Diagnostic accuracy of a commercial AI digital stethoscope for diagnosis of TB

H Cox 1,2,, Y Rani 3, L Nakiyingi 4, KA Francia 5, Y Xie 6, C Hoang 7, N Hapeela 1, GP Romero 5, E Nasinghe 4, N Van Hung 7, S Kim 3, A Penn-Nicholson 8, SE Dorman 9; for the FEND-TB Consortium
PMCID: PMC12517259  PMID: 41089229

SUMMARY

BACKGROUND

Improved TB screening requires non-invasive, low-cost, and rapid diagnostics. Digital stethoscopes utilising machine-learning approaches to analyse respiratory sounds have potential.

METHODS

We assessed accuracy of a commercial digital stethoscope for TB diagnosis among TB symptomatic participants. The microbiological reference standard (MRS) was sputum TB-positive on either liquid culture, solid culture, or Xpert MTB/RIF Ultra. Adults were enrolled from South Africa, Uganda, Vietnam, and Peru, with pre-defined sampling of 60 MRS-positive and 180 MRS-negative participants over two stages. Respiratory sounds from six auscultation positions on the participant’s torso were analysed. The manufacturer (blinded to MRS status) provided participant scores and a test-positivity cut-off.

RESULTS

Among 240 participants, 135 (56%) were female, 62 (26%) living with HIV, 35 (15%) current smokers, and 31 (13%) previously treated for TB. Estimates of sensitivity and specificity, adjusted for country-stratified sampling, were 77% (95% confidence interval [CI]: 65–85) and 50% (95% CI: 43–57), respectively. Sensitivity was lower among people living with HIV and those with sputum smear–negative TB and varied by country. Testing took 5 min per participant (median, interquartile range 4–6).

CONCLUSION

These early data suggest that further refinement of this test is warranted. The device is simple to use, is inexpensive, and can be used offline.
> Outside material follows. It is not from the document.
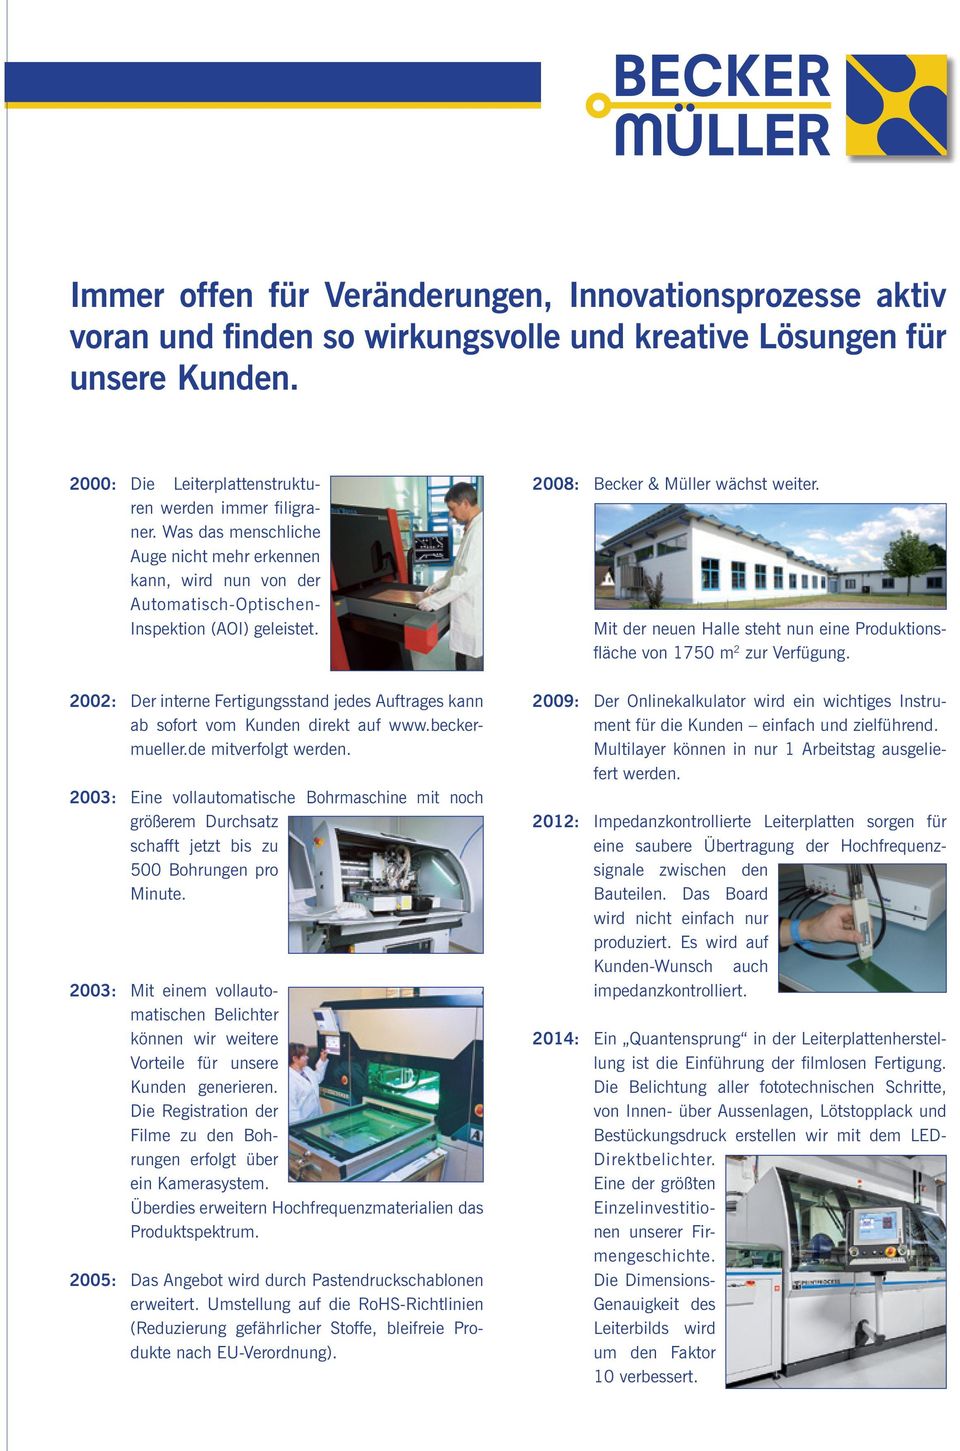 2002: Der interne Fertigungsstand jedes Auftrages kann ab sofort vom Kunden direkt auf www.beckermueller.de mitverfolgt werden.

Keywords: tuberculosis, TB screening, auscultation, respiratory sounds, artificial intelligence


Among the estimated 11 million people who develop TB every year, a quarter are never diagnosed and therefore do not receive adequate treatment, with consequent poor person-level outcomes and ongoing community transmission.1 To address this gap, there is an urgent need for new TB testing approaches, both for large-scale screening and for definitive diagnosis.2,3 Community-level screening needs to identify individuals at high risk for TB for subsequent confirmatory testing. For this purpose, tests need to be simple to administer, high throughput, low-cost, and with short turnaround time.4,5 For effective screening, a test should have higher sensitivity and specificity than symptom screening alone, and ideally be able to identify individuals with early or subclinical TB disease who are unlikely to present to health services.6 Traditional auscultation has long been used to examine patients for respiratory disease as it is non-invasive and gives information in real time. However, it is limited by its inherent subjectivity, given the reliance on the skill and experience of the clinician.7 However, a standardised system to analyse and interpret respiratory sounds has potential to increase utility, particularly with recorded sounds able to be analysed using artificial intelligence (AI) or machine-learning approaches.7,8 Such approaches, using digital stethoscopes, have primarily been used in respiratory conditions such as chronic obstructive pulmonary disease and pneumonia,9,10 with limited data available for TB screening.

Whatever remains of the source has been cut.